Drawing of locomotor-respiratory synchronization in bluegill (Lepomis macrochirus) during pectoral fin abduction (a) and during pectoral fin movement and operculum pumping (b). Lines in (b) represent turbulence and sound associated with respiration and fin movement. Bluegill and other fish synchronize locomotion and ventilation, potentially for auditory reasons. The synchronization of these two movements minimizes interaction between the flow from the operculum and flow over the pectoral fins, creating windows of silence and improving situational awareness

Abduction of the pectoral fin is likely to produce more intense masking sound, particularly during fast swimming, while in contrast, adduction of the fin will result in a more streamline fish body and consequently reduced turbulence. The synchronization of these two movements reduces interaction between flow from the operculum and flow over the pectoral fin, minimizing turbulence (Tytell and Alexander 2007) and likely reducing noise (Larsson 2012a). Notably, the pectoral fin operates adjacent to the inner ear.
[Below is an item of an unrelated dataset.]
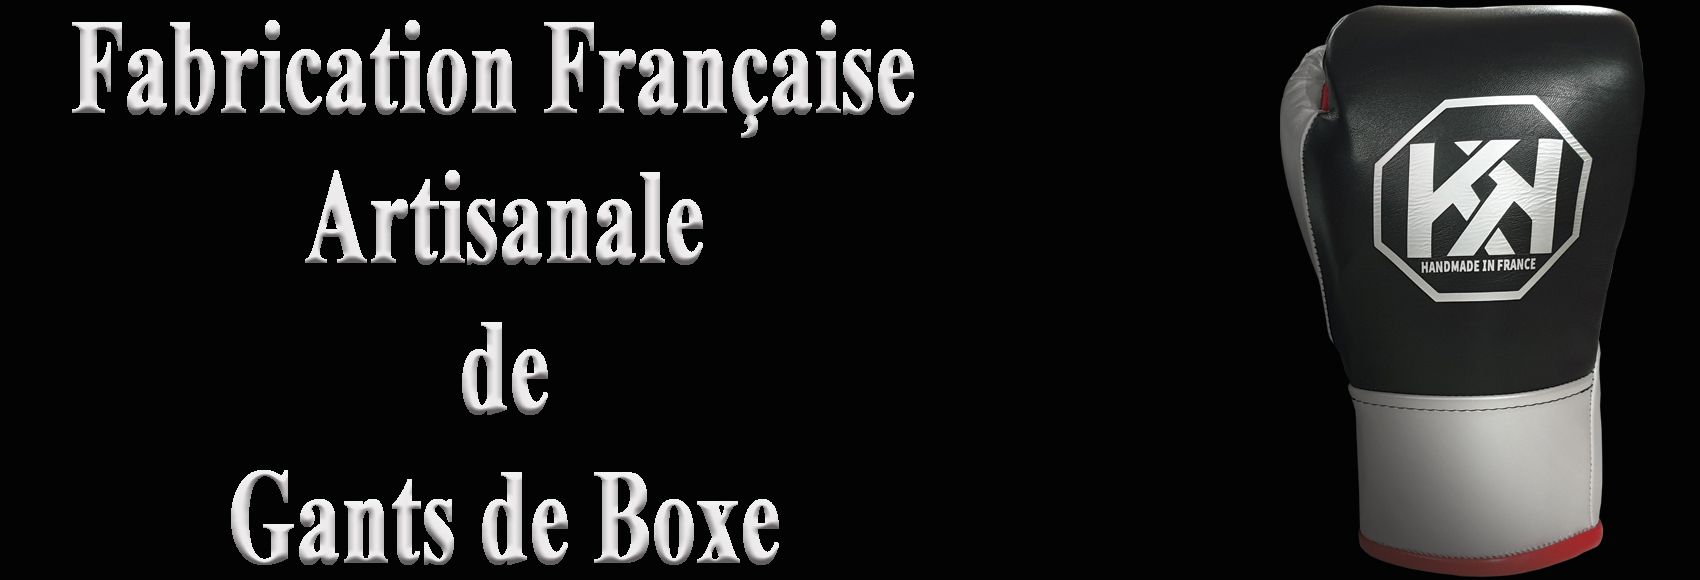 Gants de boxe fabrication française
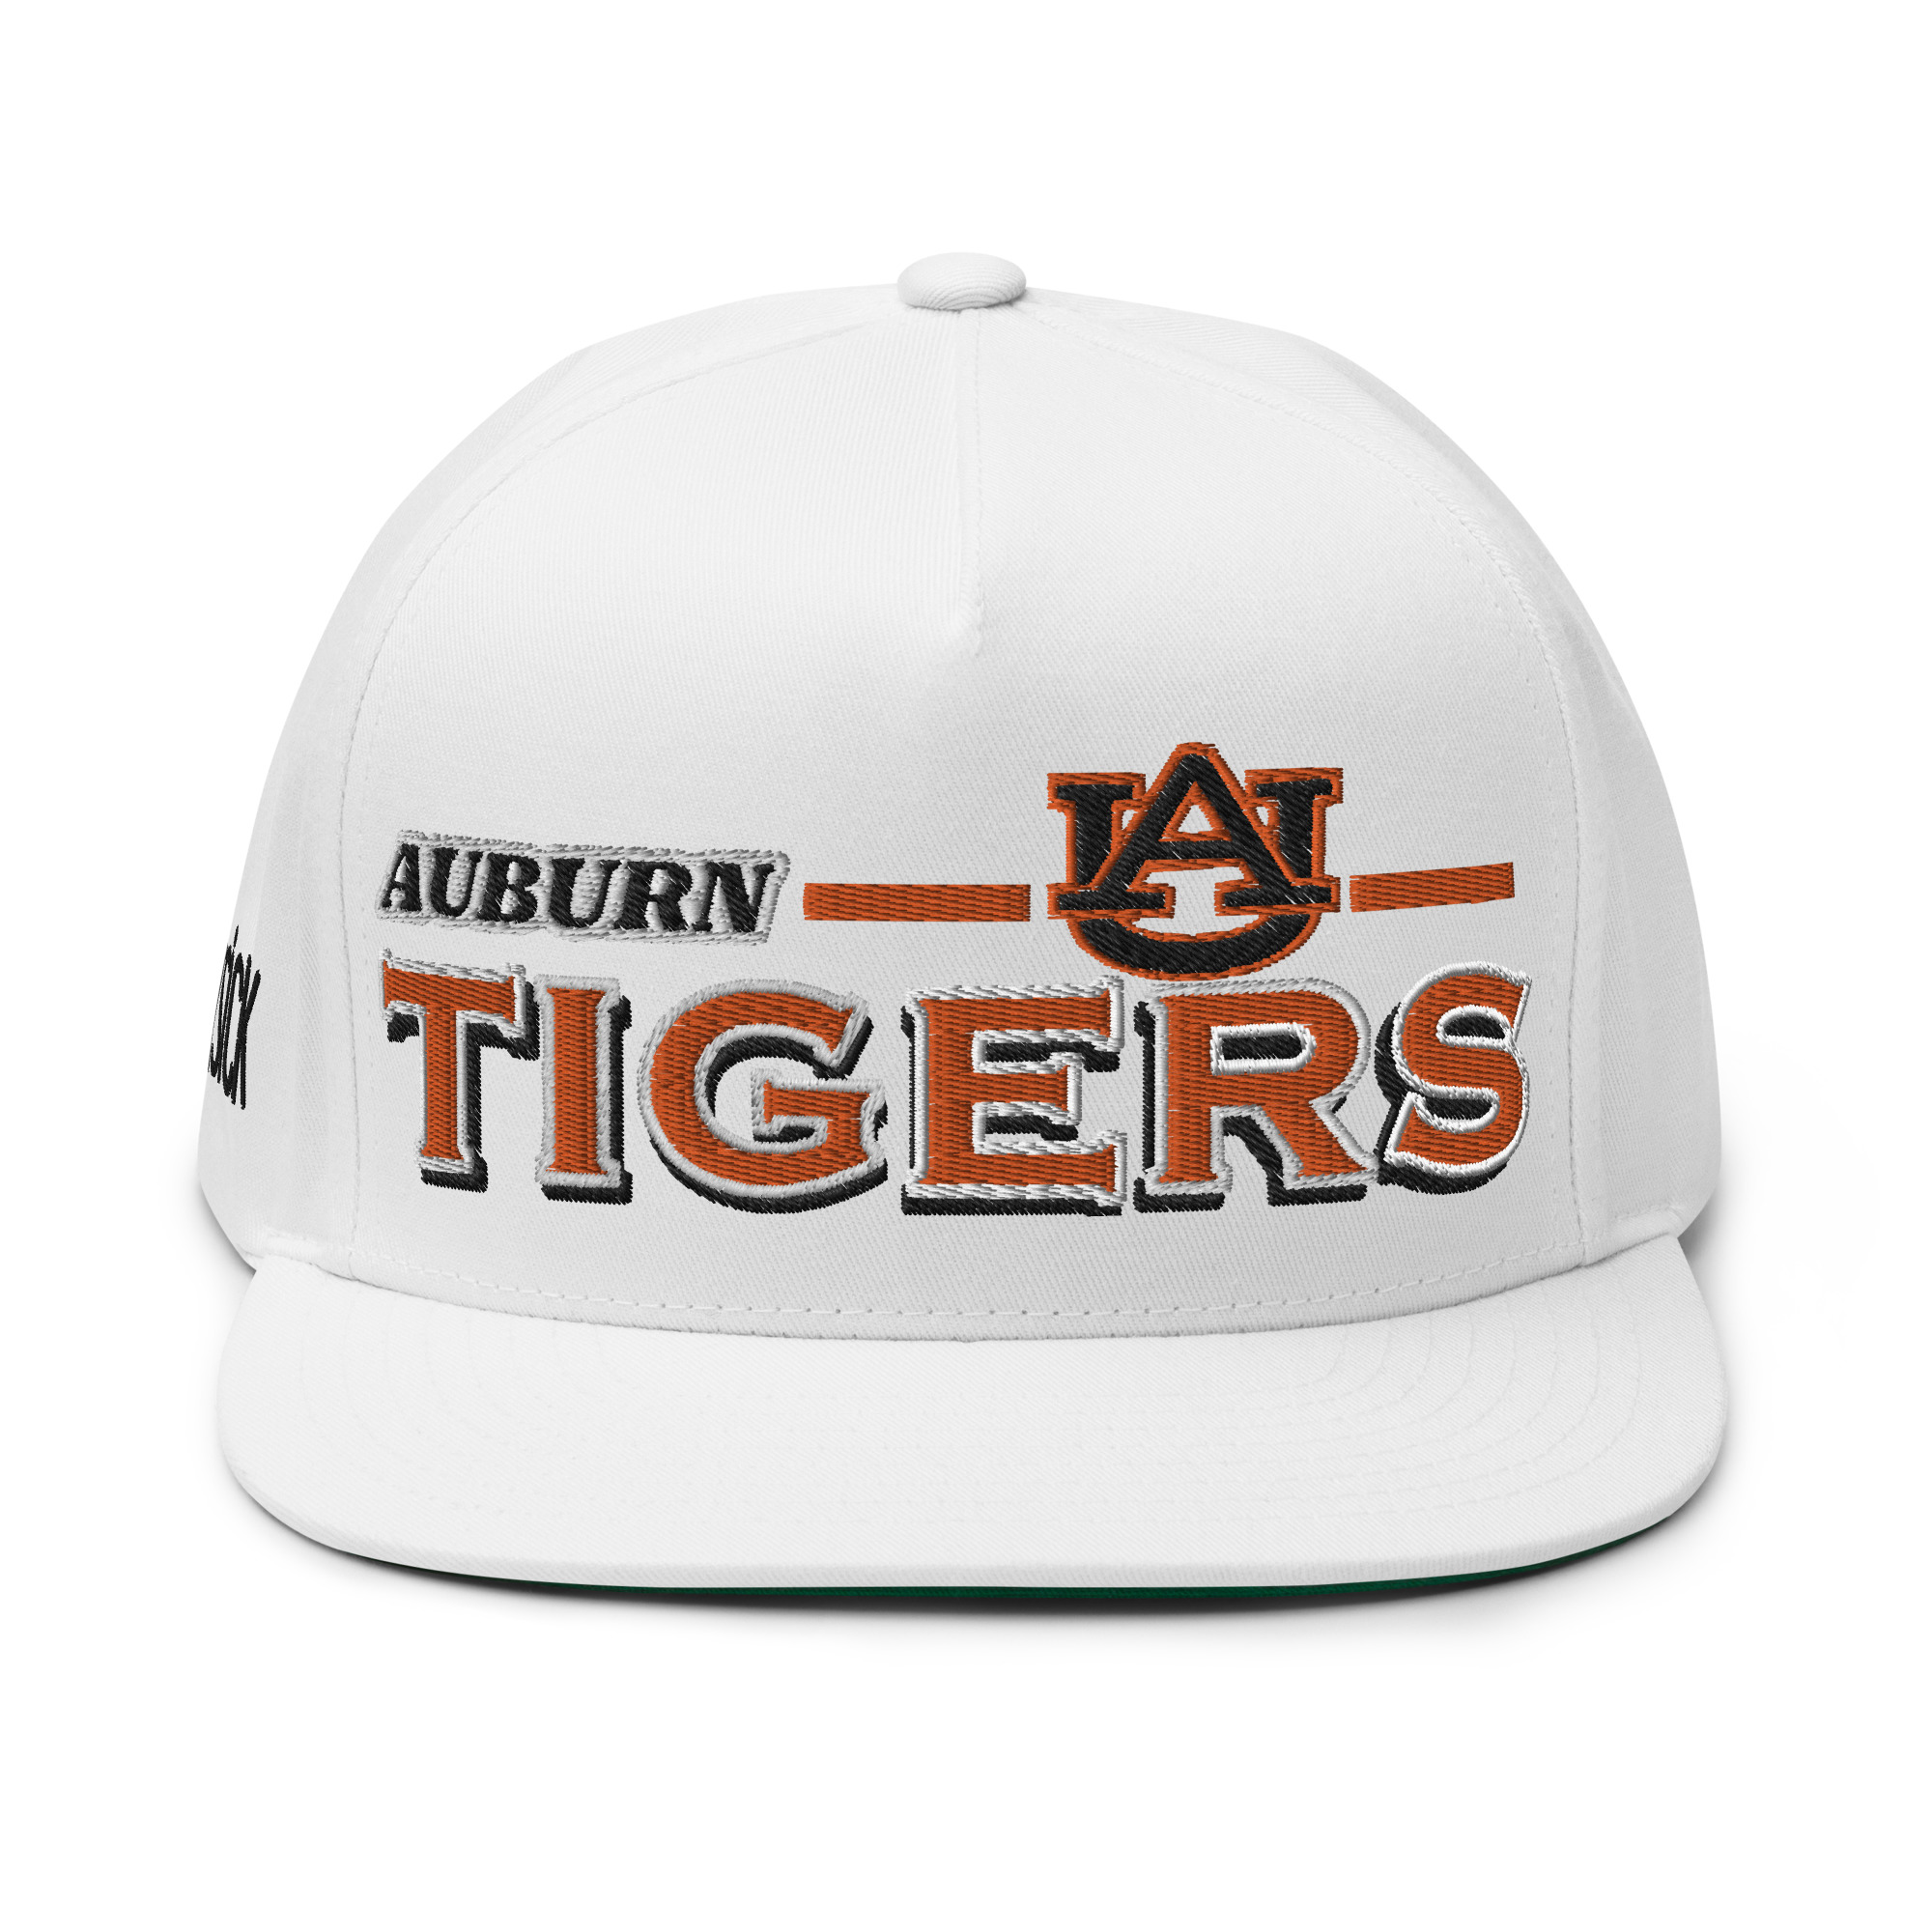 Auburn Tigers Flat Bill Cap

Altogether, locomotor-respiratory coupling in bluegill results in concurrent respiratory and movement turbulence (Tytell and Alexander 2007) and consequent noise, which prolongs quite intervals, reducing masking problems for an individual fish. There is recent evidence that salmonids (and likely other species) coordinate respiration and motion to improve auditory perception (Akanyeti et al. 2016), supporting the hypothesis that acoustic advantages played a role in the evolution of locomotor-respiratory coupling. Additionally, mechanosensory neurons in teleost fish and second-order electrosensory neurons in elasmobranch fish can regulate to cancel the effects of stimuli that are tied with fish respiratory movements (Montgomery and Bodznick 1994).

Locomotor-Respiratory Coupling in the School

Little is known about respiratory behavior in schools, and it is unknown if fish synchronize respiration to elongate relatively quiet intervals. Operculum jet turbulence and other ISLR from individual fish are likely to be perceived by nearby conspecifics, potentially masking other environmental sounds. At the same time, the jet may communicate important information, about distance, speed, and position of nearby fishes, which may help fish maintain accurate distance and avoid collisions (Butler and Maruska 2016b). Since the operculum jet is phase locked with the sound of pectoral fins, the operculum jet may serve as an auditory cue reinforcing synchronization of fin movements, and vice versa. This locomotor-respiratory neural circuitry could potentially have been co-opted for auditory entrainment from external cues in tetrapod descendants. Notably, vocal and pectoral systems seem to have a shared developmental origin. So far all investigated tetrapods have forelimb motor neurons that serve in both sonic and gestural signalling (e.g. the pectoral fin of midshipman fish) (Bass and Chagnaud 2012). For some species this could be directly connect with vocalization such as for many Gobiidae species that use a pectoral-girdle-based mechanism for sound production (Parmentier et al. 2017). Similarly, herring and whiting emit sound signals, ostensibly from the swim bladder, before rapid maneuvers (Gray and Denton 1991).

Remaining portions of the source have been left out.